“Gait” refers to a pattern of locomotion achieved through the movement of limbs. Researchers have discovered that gait patterns differ among people, so much so they can be used for biometric authentication. University of Pretoria and City University of Hong Kong researchers have developed a continuous smartphone user authentication system based on gait analysis.
Currently, biometric gait authentication tools fall into three major categories:
- Machine Vision: Gait recognition based on machine vision harnesses cameras to gather data, and leaves the analysis to image processing.
- Floor Sensor: Floor sensor-based systems center on a mat that measures the speed and force of someone’s step.
- Wearable Sensor: This gait analysis method uses a wearable device fitted with sensors (gyroscopes, force sensors, accelerometers, etc.) to capture all relevant data.
However, the new system utilizes a wearable sensor-based technique, and merges that with the hardware of smartphones, specifically the accelerometer. For that reason, no additional hardware is required, and thus, no extra cost is tacked on to upgrade existing mobile devices.

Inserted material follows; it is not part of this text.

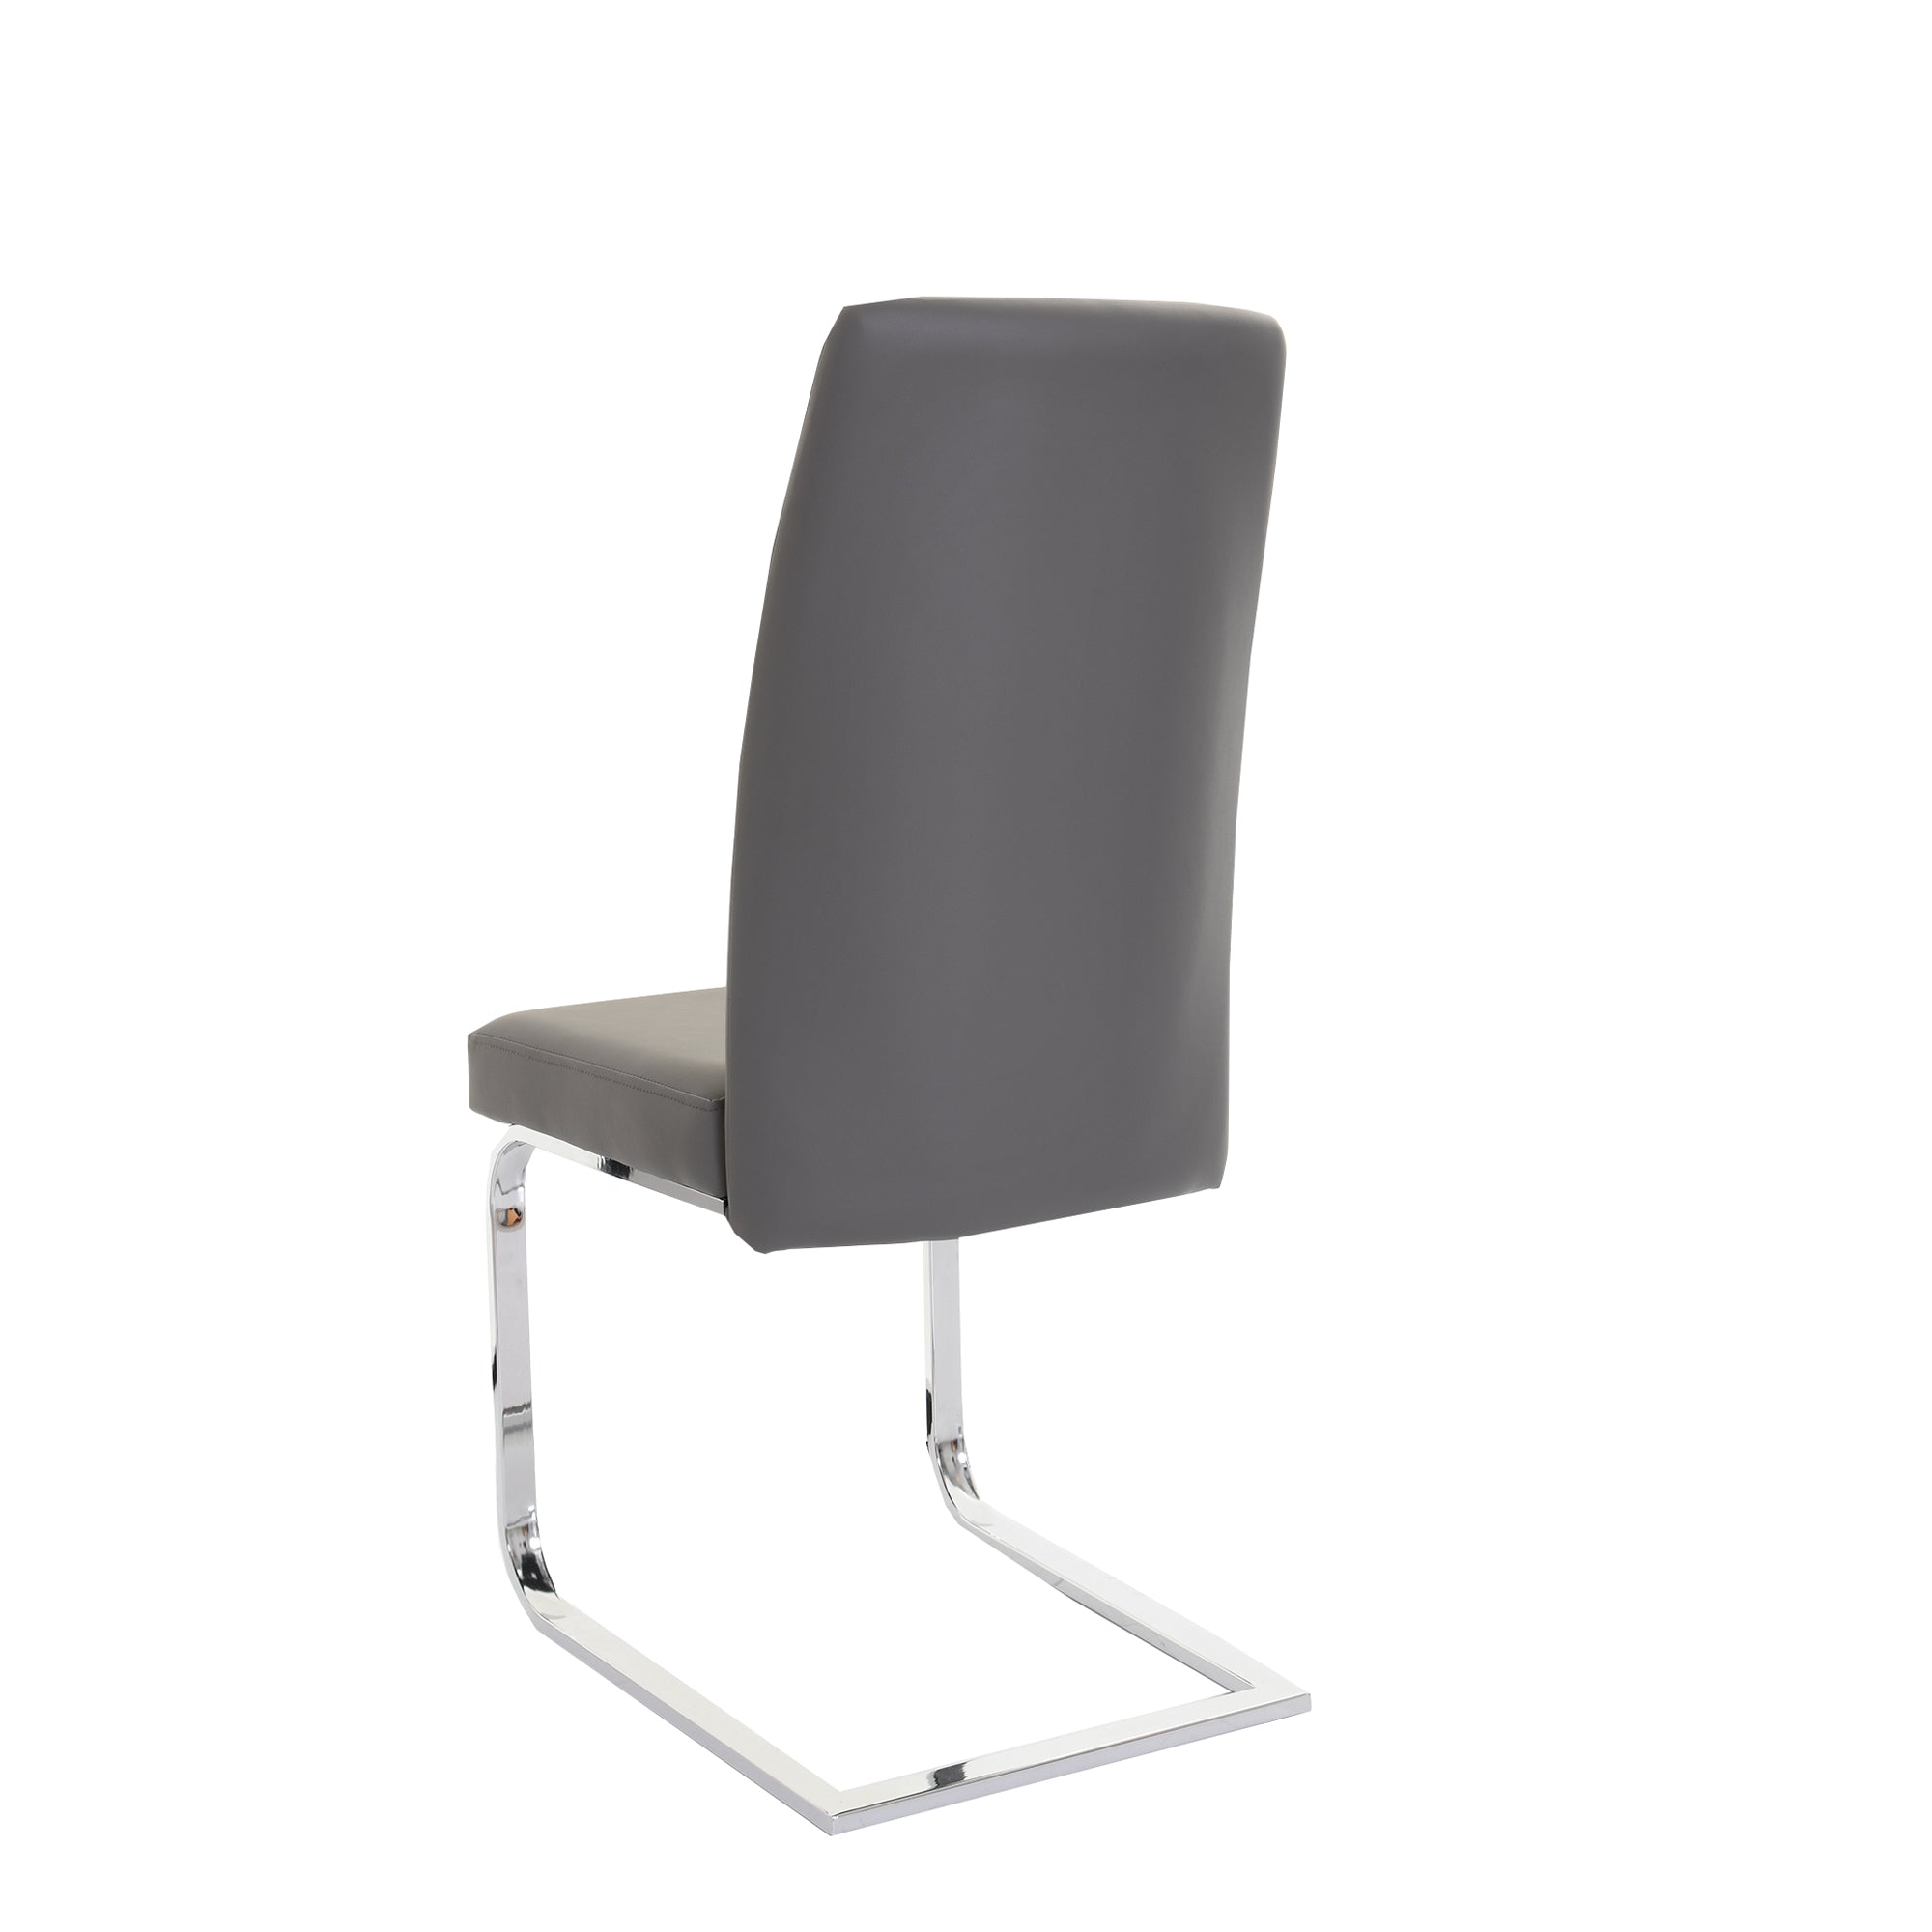 Prato - Cantilever Dining Chair In Dark Grey PU With A Chrome Finished Frame

“This paper presents the development of a smartphone user authentication system which takes advantage of the device’s pre-existing hardware,” the researchers wrote in their paper. “The authentication was based on a smartphone user’s gait pattern, which is a biometric feature.”
The method uses a sensor data acquisition unit, pre-processing unit, classification algorithm, and an evaluation system. The smartphone’s accelerometer constantly analyzes gait metrics, and after it is processed and analyzed, the user’s identity is confirmed. If it detects an abnormal gait change, the system sends a notification.
“If the authentication outcome is positive, the authentication process continues uninterrupted in the background,” the researchers say. “If the authentication fails, the device’s location information should be sent to a predetermined email address to notify the authorized user of the device’s whereabouts.”
In tests, the method earned a sensitivity score of 0.74 and a specificity of 0.78. Although promising, the researchers admit more development is needed until it’s ready for real-world use.
The team recently presented their paper at the 44th annual conference of the IEEE Industrial Electronics Society.